The Cold War Playbook of Economic Isolation Won’t Work Against China

The Cold War Playbook of Economic Isolation Won’t Work Against China
Flags with the logo of the Chinese telecommunications company Huawei in Bonn, Germany, April 6, 2020 (Photo by Horst Galuschka for dpa via AP Images).
Editor’s Note: Guest columnist Edward Alden is filling in for Kimberly Ann Elliott this week.

During the Cold War, the United States created and led two quite different international trading systems. The first, and by far the better known, was the open, multilateral trading system. Its aim was to expand free trade and market principles around the world, and it culminated after the Cold War in the creation of the World Trade Organization in 1995. What began with just 23 nations in the aftermath of World War II, with the General Agreement on Tariffs and Trade, today includes 164 countries from every corner of the globe. Most significantly, the United States welcomed China into the WTO in 2001, bringing into the fold its former Cold War-era adversary.

The second system was far less known and has been far less written about in the history books. It was a web of export controls and sanctions intended to deny advanced technologies to the Soviet Union and its allies. Organized under the opaque Coordinating Committee on Multilateral Export Controls, or CoCom, the United States and its allies mustered a collaborative and ultimately successful effort to weaken the technological capabilities of the Soviet Union. Now, it appears, the United States is trying to do the same to China.

In the past week, the Trump administration has stiffened sanctions against China’s telecommunications giant Huawei, intending to cut off the supply of semiconductors that is critical to Huawei’s smartphones and to its 5G telecoms networks, the largest in the world.
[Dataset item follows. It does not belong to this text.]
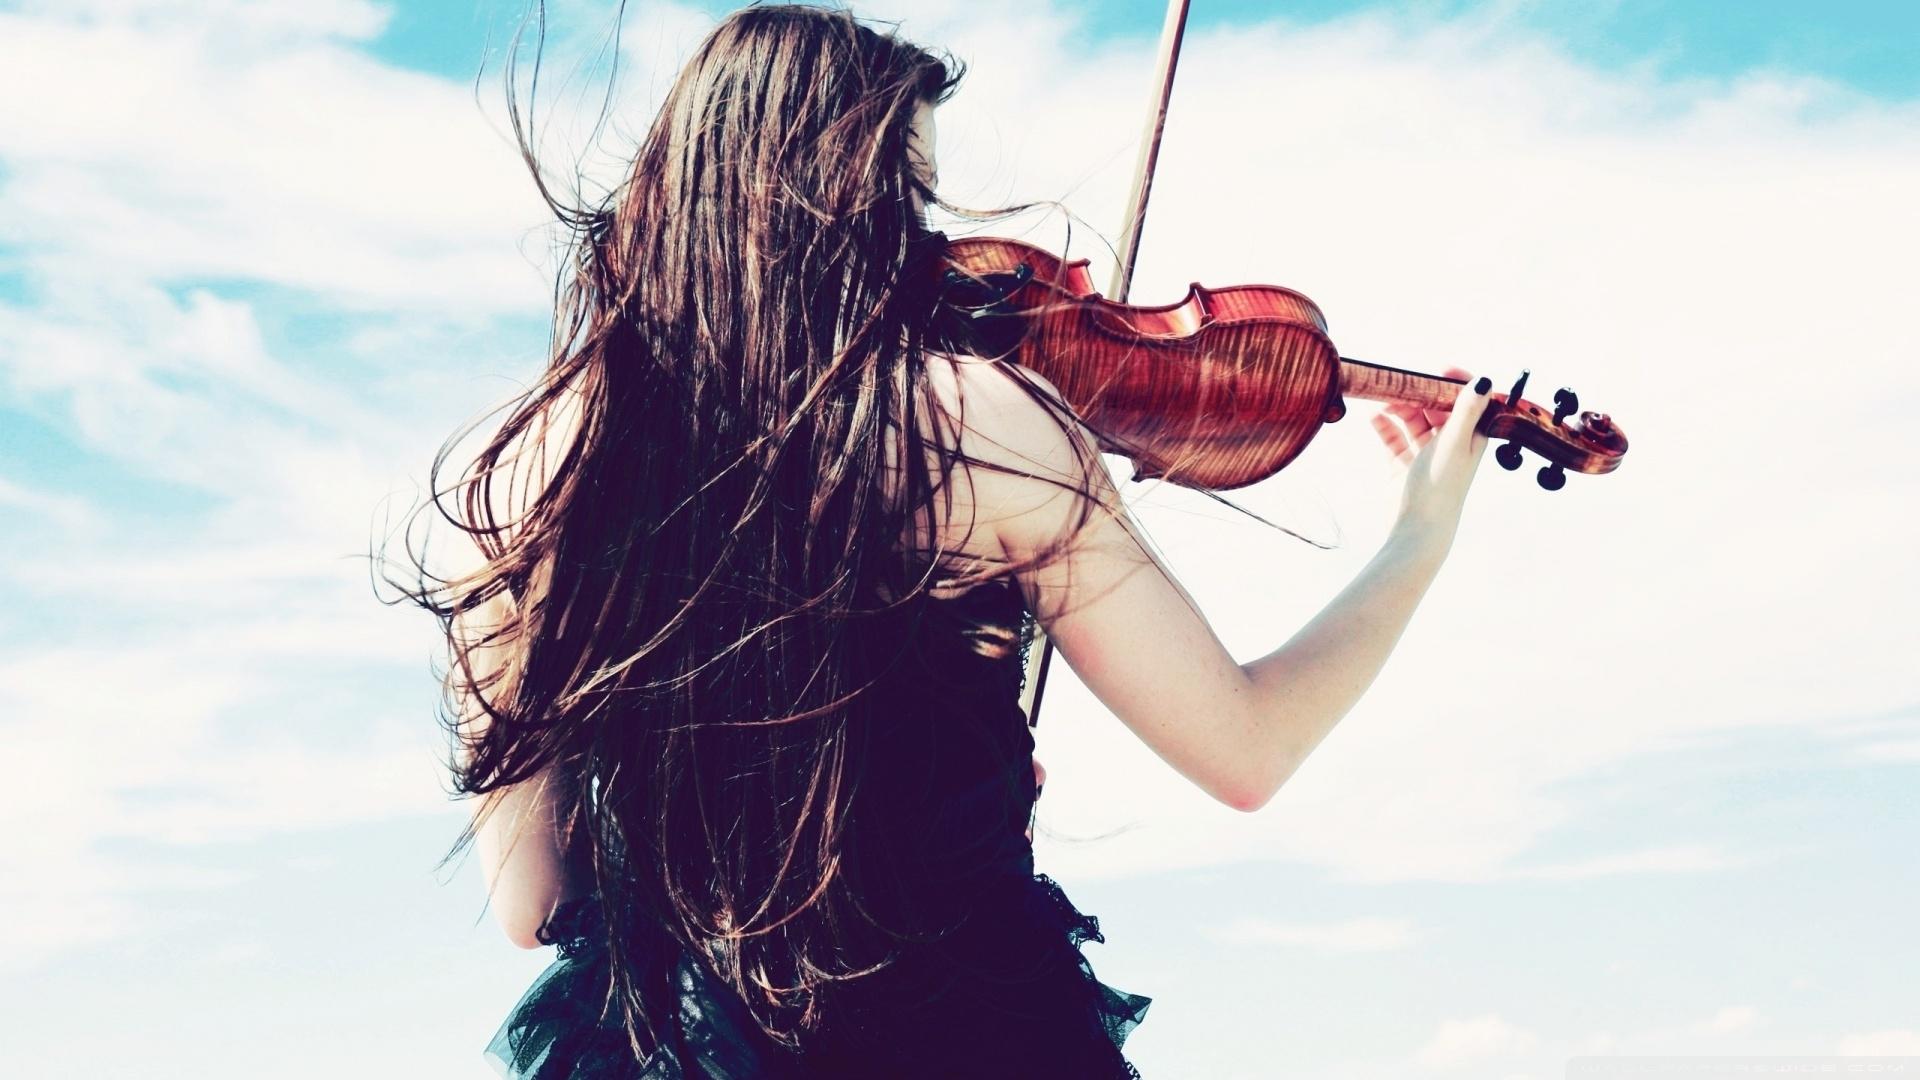 Violinist Wallpaper

The move follows a concerted campaign by the U.S. to pressure allies such as Germany, the United Kingdom, Canada, Japan and Australia to end all business with Huawei. The administration is also aggressively stepping up efforts to force American companies out of China and lure them back to the United States. All of this comes on top of the two-year trade war that has seen the average U.S. tariff on Chinese imports rise from just 3 percent to nearly 20 percent.